Q16 (Write ONE line (in your own words) with the main take-home message from the paper.)
Through parameter-efficient tuning the authors present a way to fine-tune a language model to perform a variety of music-to-music tasks.
Q17 (Would you recommend this paper for an award?)
No
Q19 (Potential to generate discourse: The paper will generate discourse at the ISMIR conference or have a large influence/impact on the future of the ISMIR community.)
Disagree
Q20 (Overall evaluation: Keep in mind that minor flaws can be corrected, and should not be a reason to reject a paper. Please familiarize yourself with the reviewer guidelines at https://ismir.net/reviewer-guidelines)
Weak accept
Q21 (Main review and comments for the authors. Please summarize strengths and weaknesses of the paper. It is essential that you justify the reason for the overall evaluation score in detail. Keep in mind that belittling or sarcastic comments are not appropriate.)

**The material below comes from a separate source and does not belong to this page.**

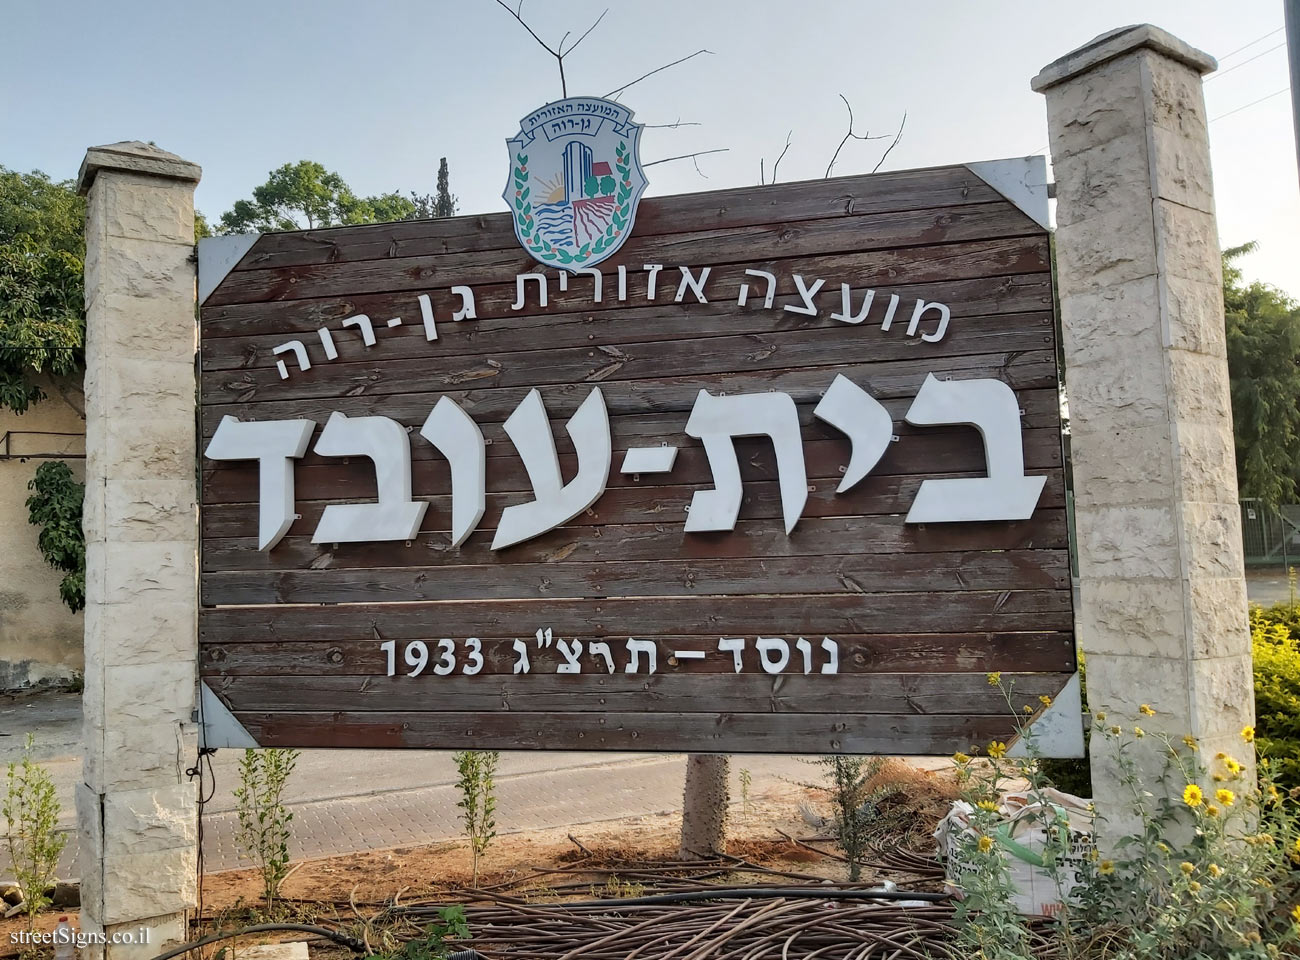 Beit Oved - entrance sign to the moshav

The authors present a technique for music-to-music domain in the symbolic music domain by fine-tuning a LM and applying parameter-efficient tuning
Some minor comments: Abstract/intro —> what is an adapter?
Page 1 column 2 row 52 —> first approach is “treating two language models (LMs) as agents” while “second approach is “creating synergy through Parameter-Efficient Fine-Tuning (PEFT).”? This is not very clear from the writing.
Authors claim that they are the first to introduce Function Alignment, yet they state that it remains at the theoretical level, so what is the actual contribution?
Also, the mentioned Function alignment pape why should we consider as beneficial considering it as a “theoretical perspective?
I don’t understand p_t and d_t are summed? Ore flattened?
Page 3 col 1 row 160 —> corrsponds —> corresponds
Page 4 col1 line 241 shwon —>shown
4.5 the concept of “perplexity” should at least be introduced.
“We evaluate using chord metrics (root, majmin, seventh) from the mir_eval package [53]. “ —> what do the metrics represent?